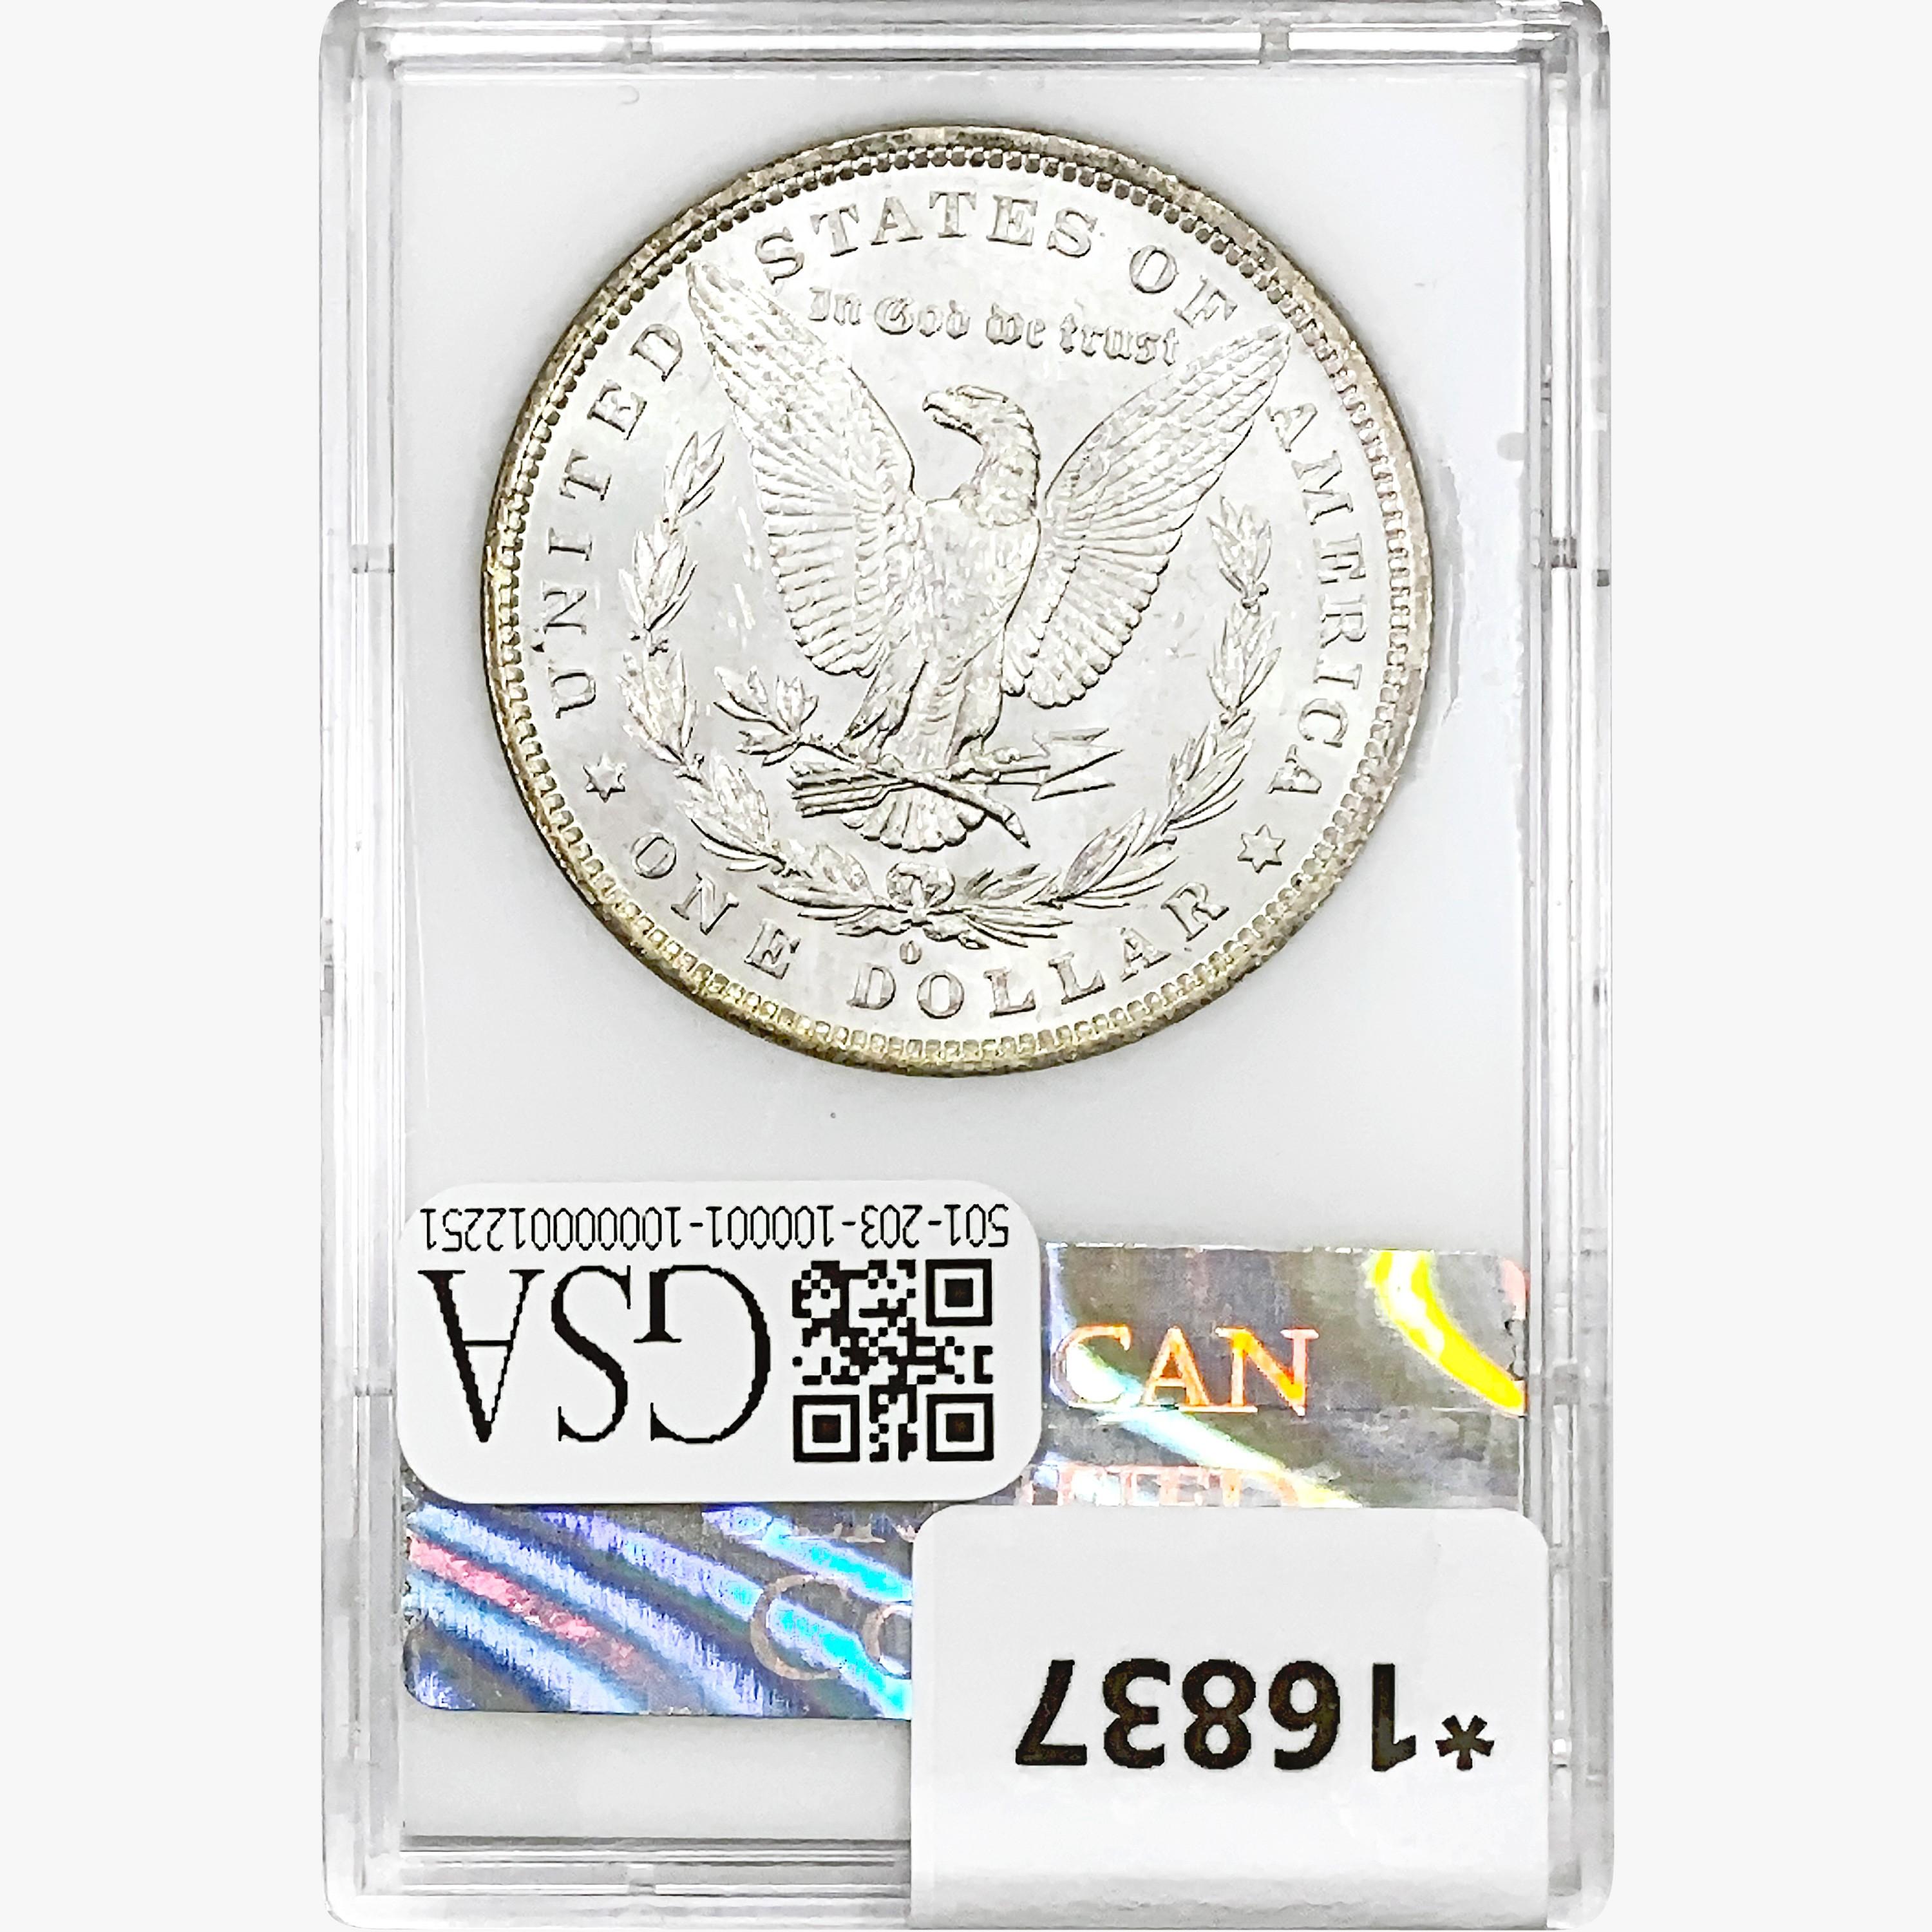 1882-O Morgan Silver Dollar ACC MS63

——————————

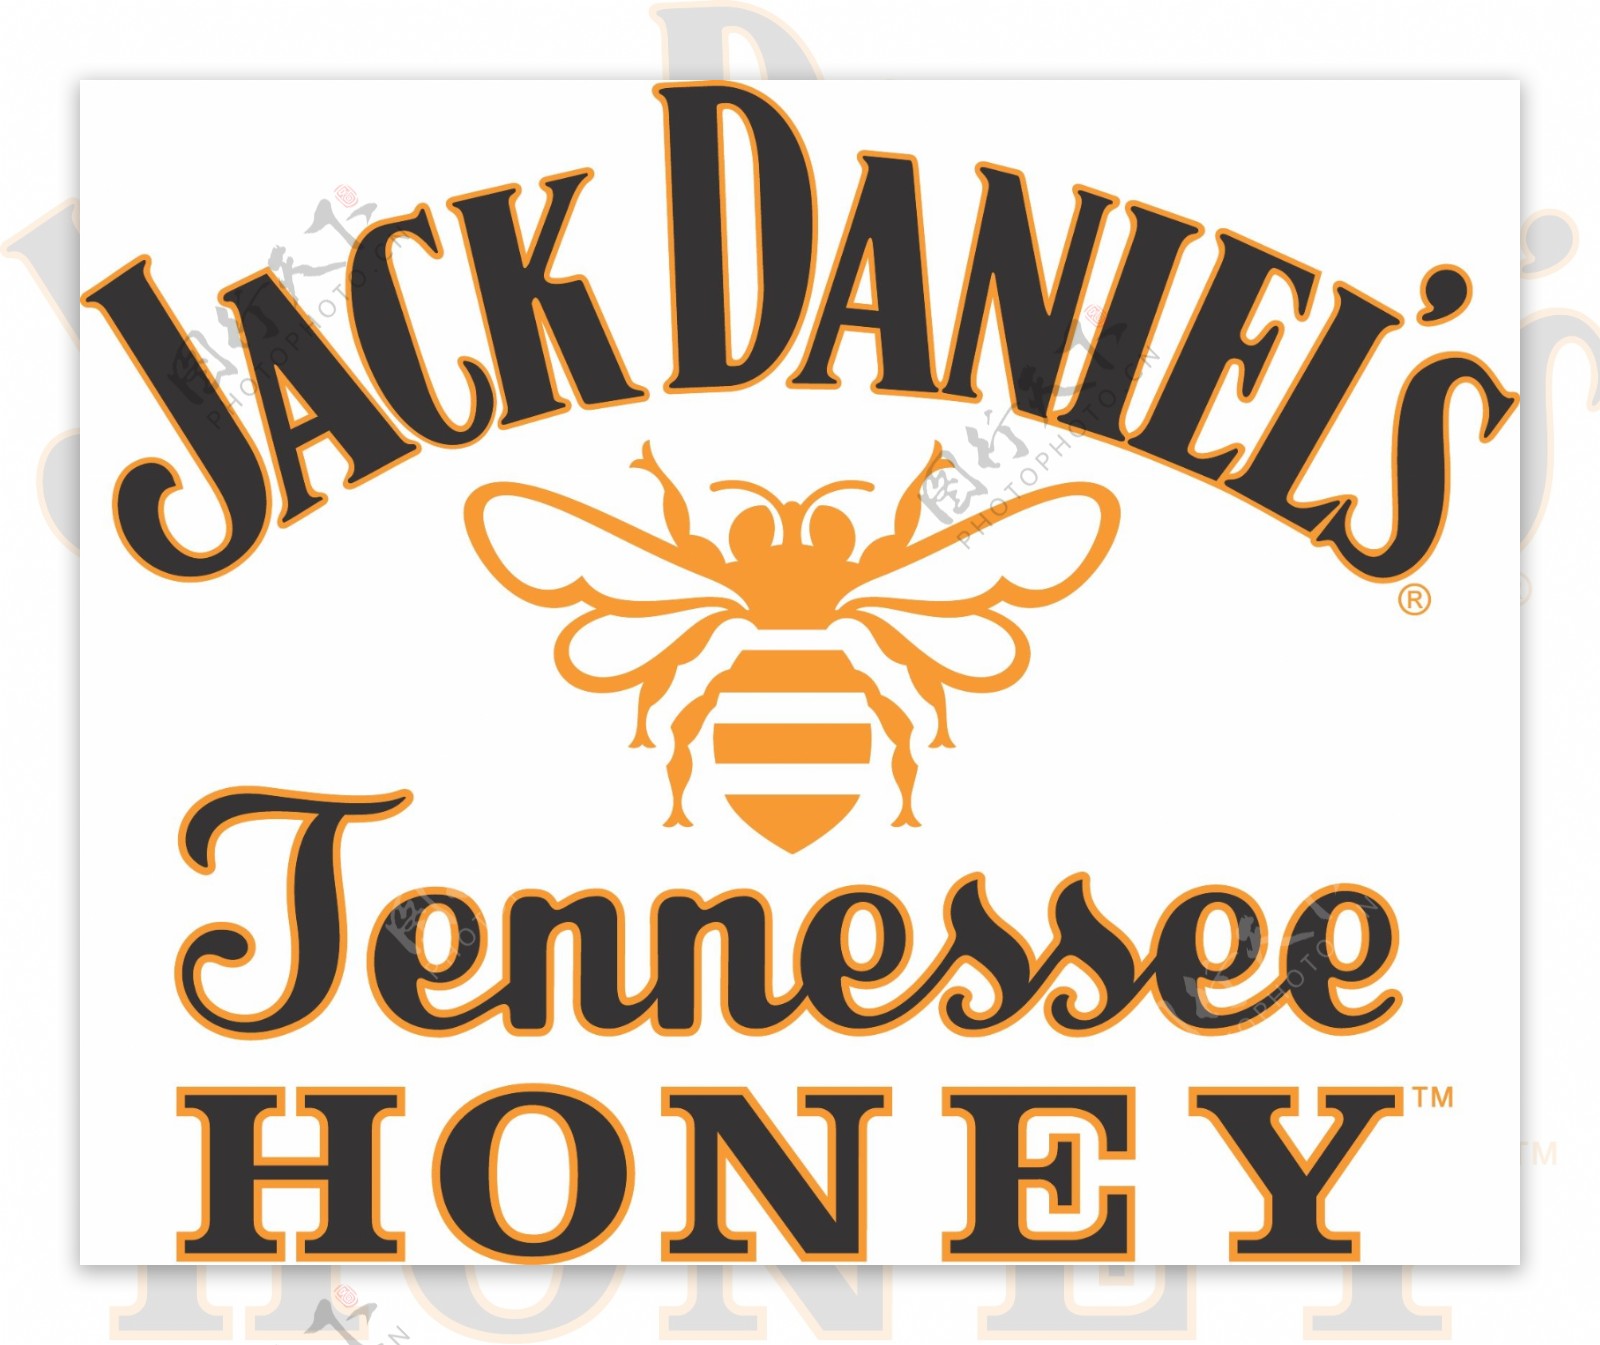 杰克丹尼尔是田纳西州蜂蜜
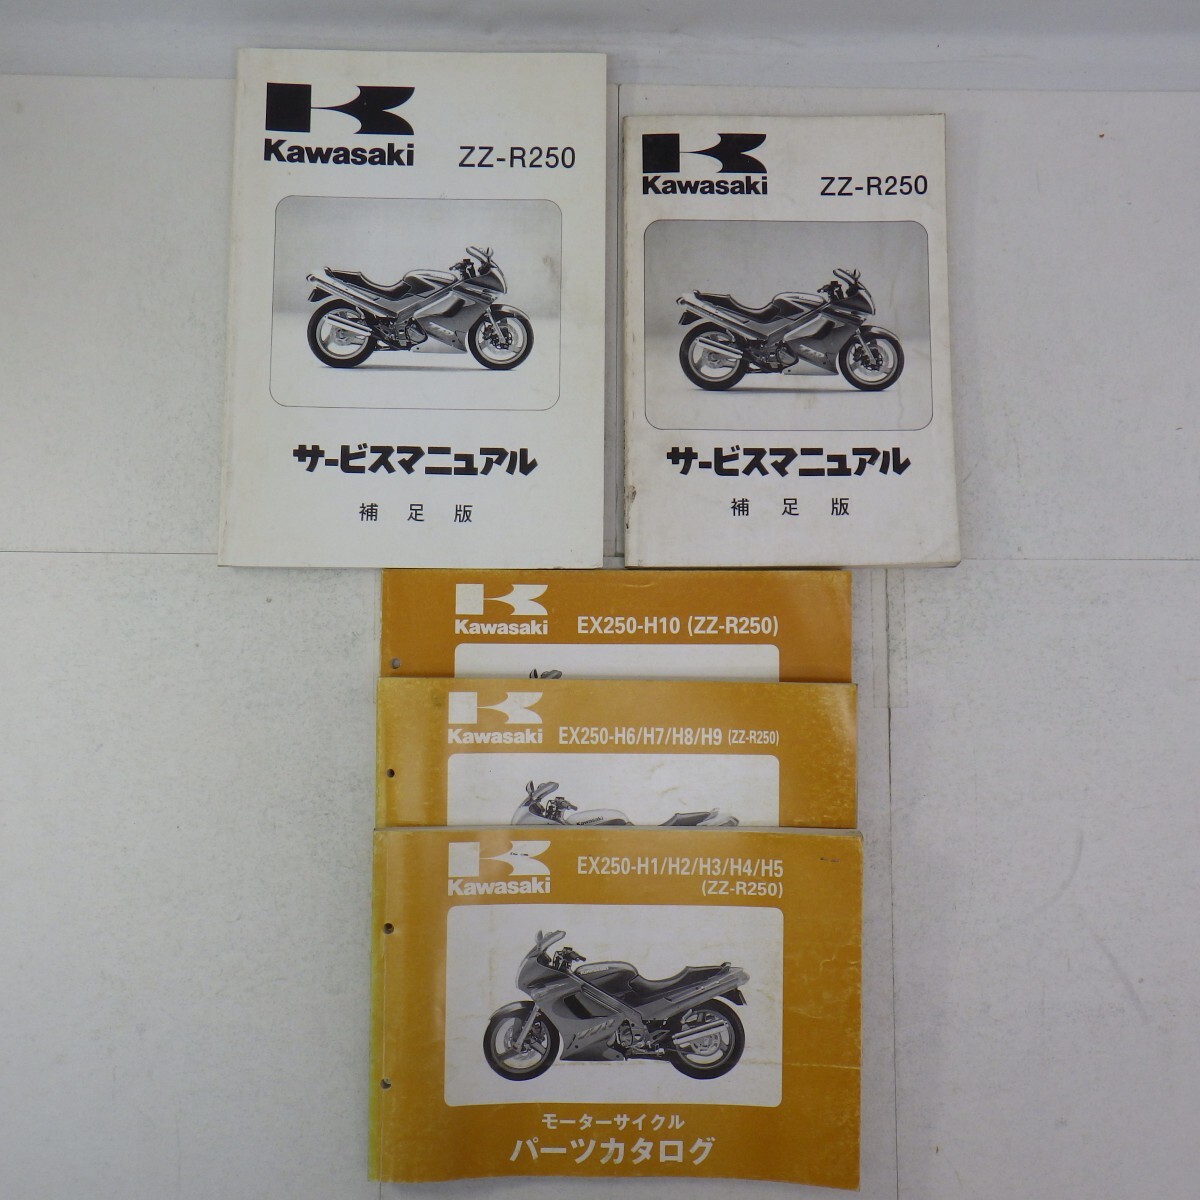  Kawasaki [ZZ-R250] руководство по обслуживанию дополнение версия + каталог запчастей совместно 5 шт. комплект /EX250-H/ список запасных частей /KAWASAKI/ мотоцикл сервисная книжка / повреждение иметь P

——————————

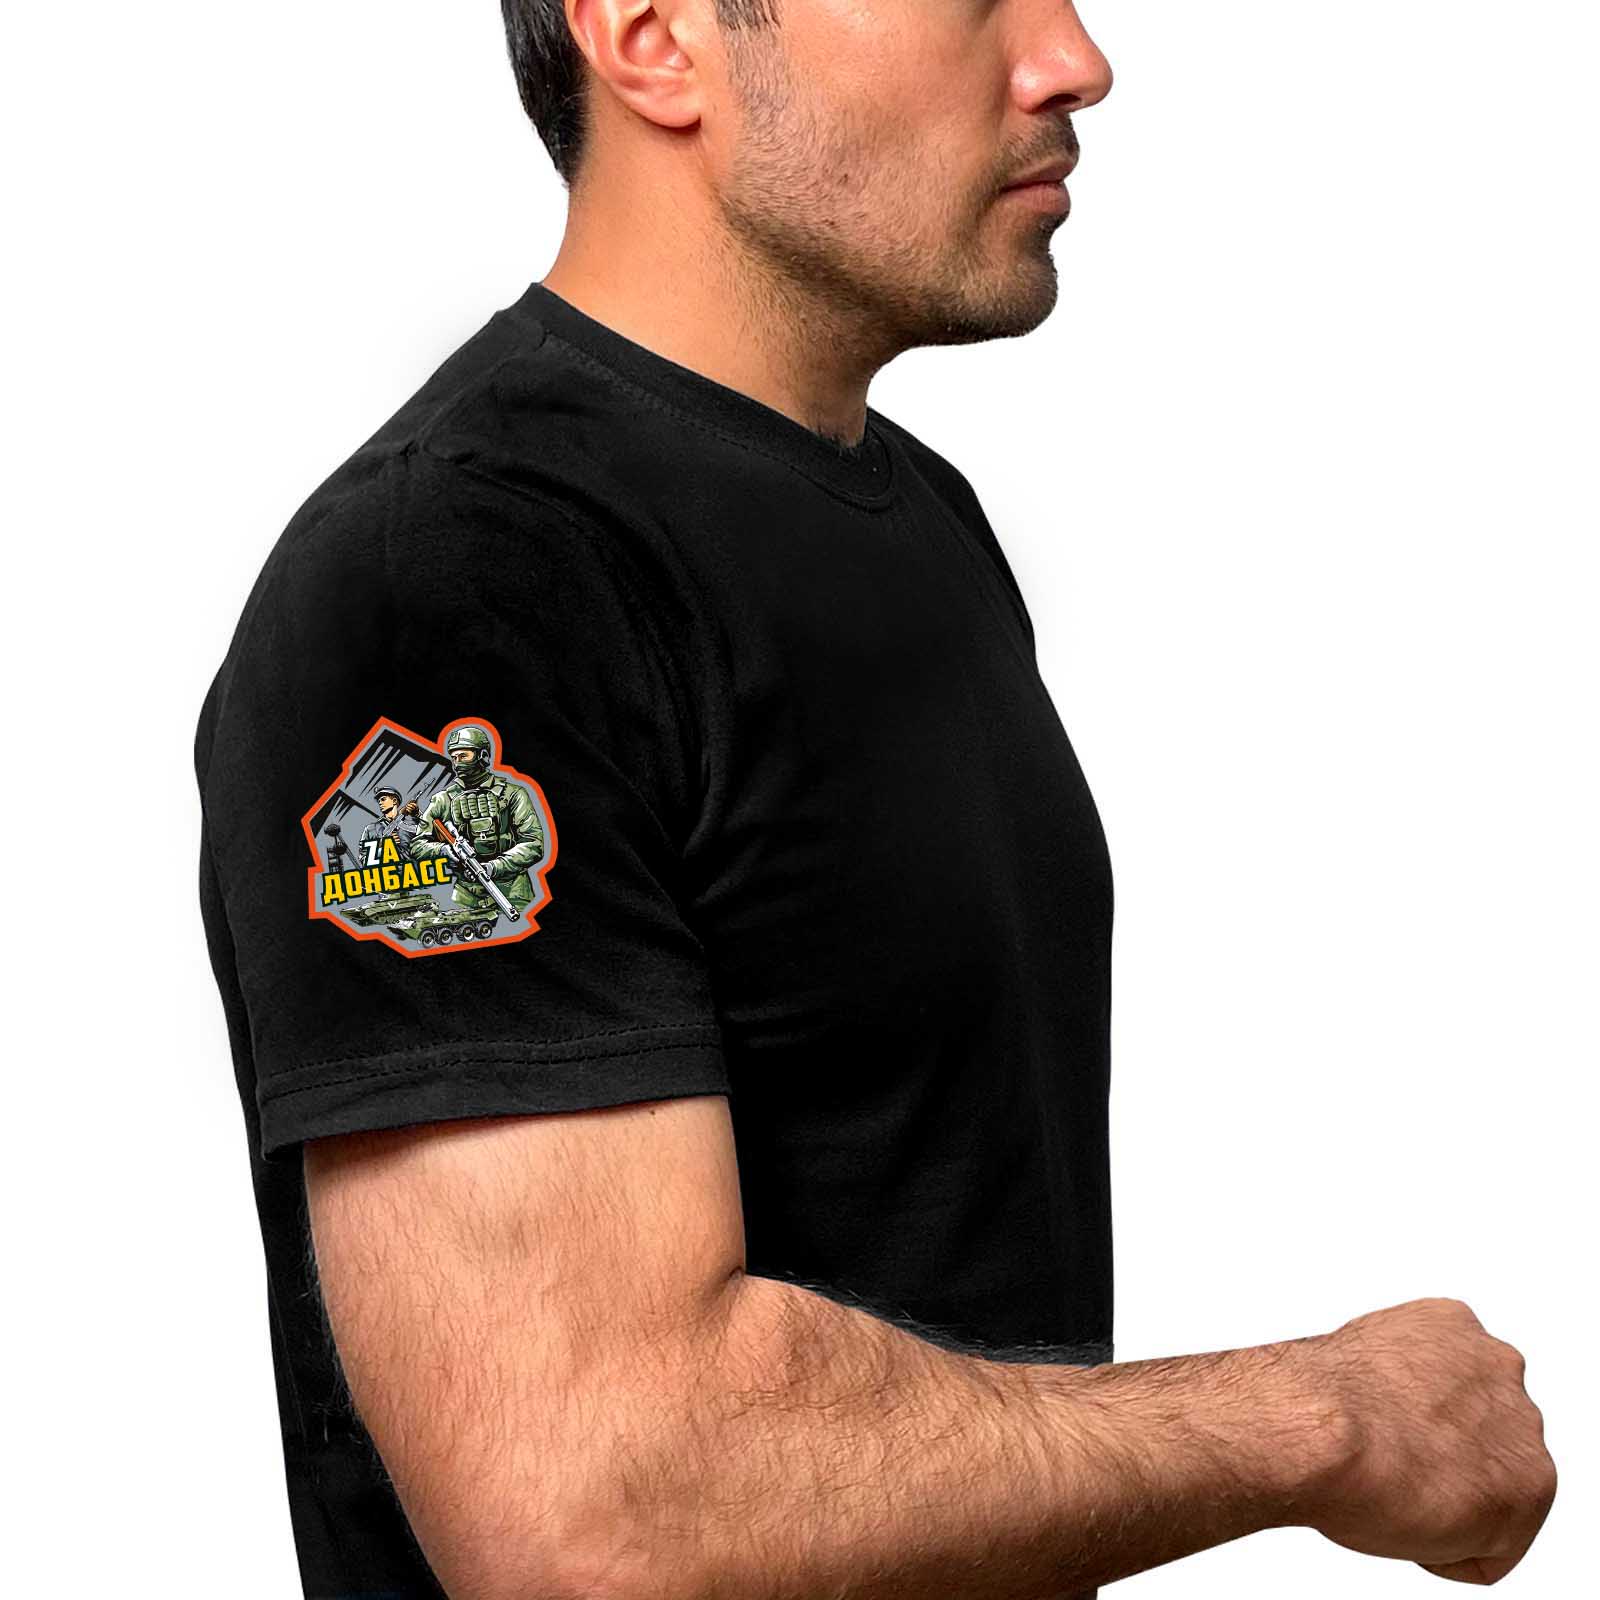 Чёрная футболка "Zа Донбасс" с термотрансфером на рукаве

——————————

● **ACTION ITEM**
Beginning with the line that contains "杰克丹尼尔是田纳西州蜂蜜", write out the lines of the material above exactly, and end with the line that contains "Kawasaki [ZZ-R250] руководство". Omit the pictures.

● **TASK RESULT**
 杰克丹尼尔是田纳西州蜂蜜
  Kawasaki [ZZ-R250] руководство по обслуживанию дополнение версия + каталог запчастей совместно 5 шт. комплект /EX250-H/ список запасных частей /KAWASAKI/ мотоцикл сервисная книжка / повреждение иметь P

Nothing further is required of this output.